Man könnte wieder mal lange diskutieren, ob besser mit oder ohne Immuntherapie, auch beim progredienten Verlauf. Das dürfte aber nicht viel bringen, denn mit reinen “Sach”-Argumenten kommt man kaum weiter. Nach meiner Erfahrung ist die Entscheidung über Medikamente eine Sache des persönlichen Glaubens und Geschmacks und eine Sache der persönlichen Überzeugung. Die einen fühlen sich aus diesem Grund “mit” Immuntherapie wohler, die anderen “ohne”. Und persönliches Wohlgefühl ist nicht zu vernachlässigen, denn es ist auch ein nicht unwesentlicher Einflussfaktor, der die Gesundheit mit beeinflusst.
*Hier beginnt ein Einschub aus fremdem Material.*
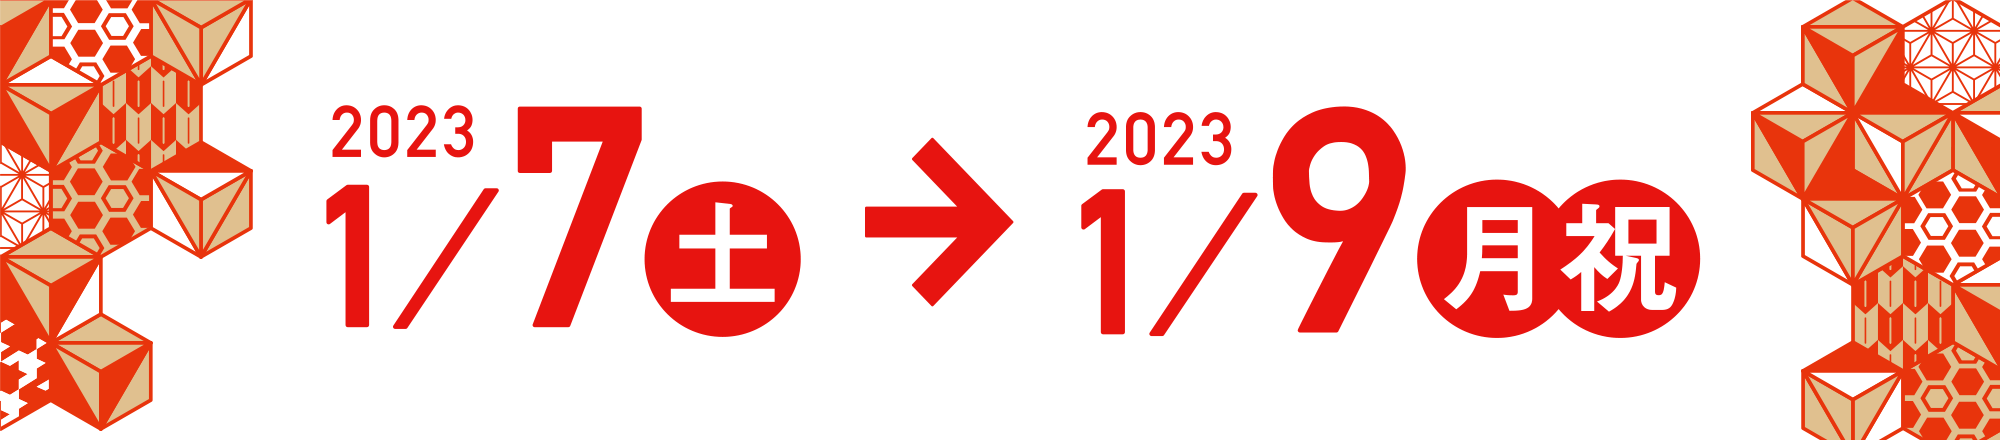 2023.1.7 → 1.9

Ja, da denke ich liegt das Hauptproblem, meist ist der Zeitpunkt der Diagnose der, wo Menschen gerade aus Verzweiflung nach jedem Strohhalm greifen.
Aber wo sind die Ärzte die heute beruhigend auf den Patienten einwirken, anstatt die Panik zu verstärken 
Trotzdem verstehe ich Alle die möchten, dass Alles so schnell wie möglich wieder “normal” ist…
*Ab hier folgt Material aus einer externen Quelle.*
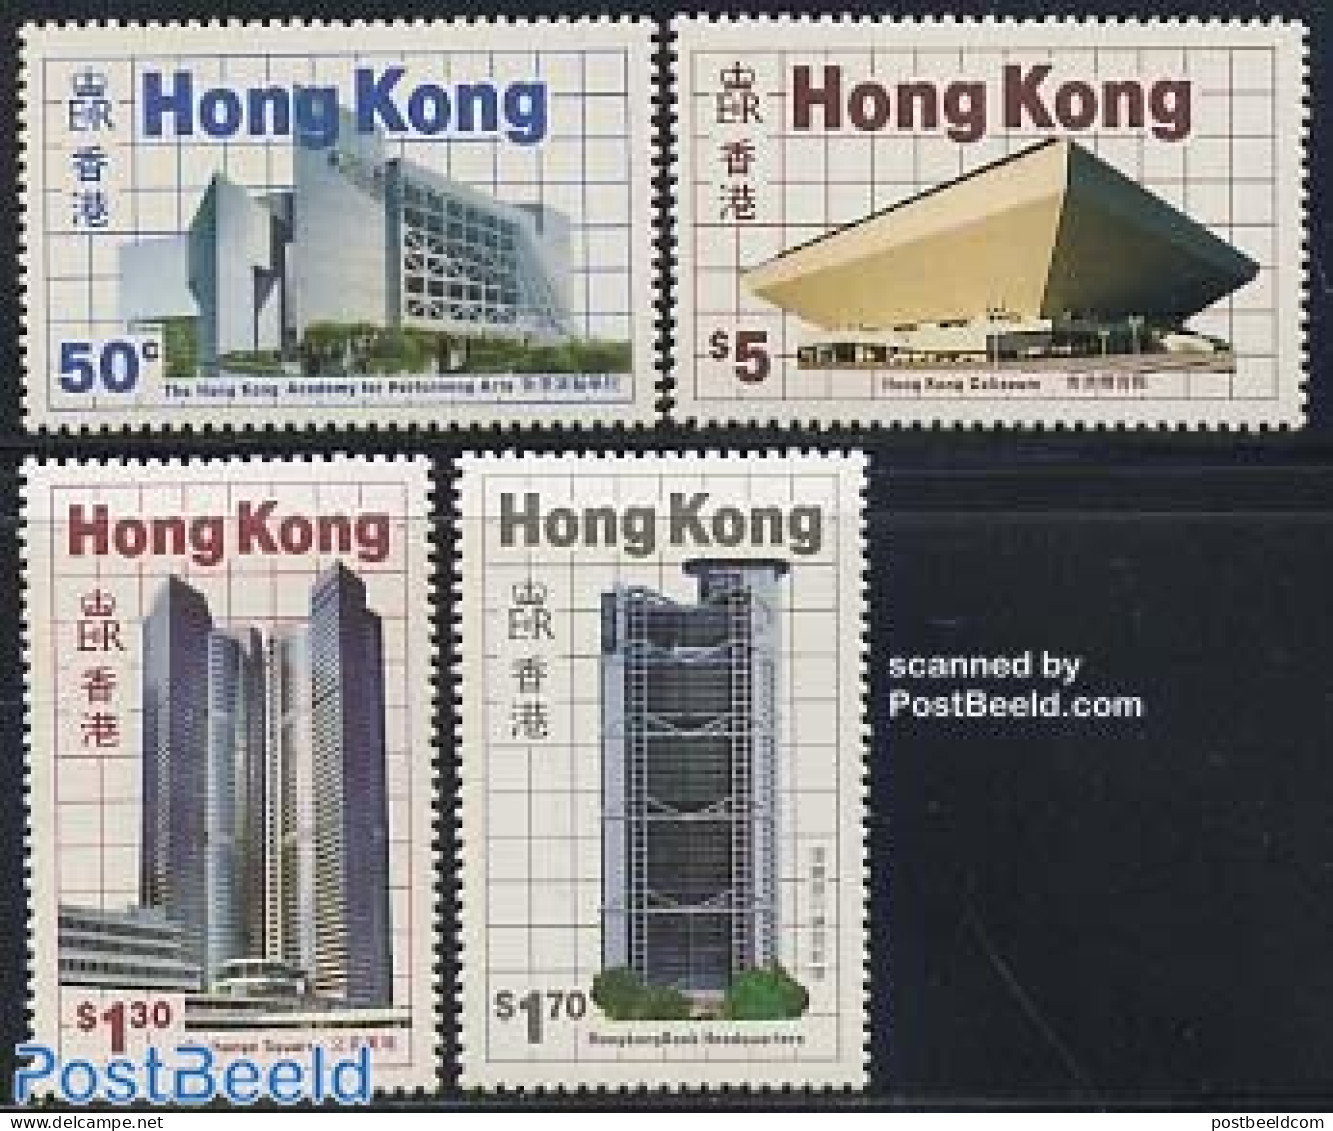 Hong Kong 1985 Modern Buildings 4v, Mint NH, Various - Banking And Insurance - Art - Modern Architecture - Ongebruikt

Der Weg zur Akzeptanz ist lang und hart aber auch unglaublich befreiend 


Meiner Meinung nach sind die Studien eh nicht wirklich aussagekräftig, wie gesagt, es gibt einfach keine 1:1 Kontrollgruppe.
Ich bin mein eigener Vergleich.
Wenn ich sowieso keine Schübe und/oder Verschlechterungen oder Veränderungen im MRT habe, kann ich nicht wissen, ob und was mit Medikamenten besser wäre. Wahrscheinlich nichts.
Aber wenn ich Schübe hatte und mit/einem anderen Medikament nicht mehr bzw. seltener oder wenn ich eine laufende Verschlechterung gemerkt habe und mit/einem anderen Medikament nicht mehr, gehe ich davon aus, dass es wirkt.
Das kann ich nur durch Ausprobieren feststellen genau wie Nebenwirkungen.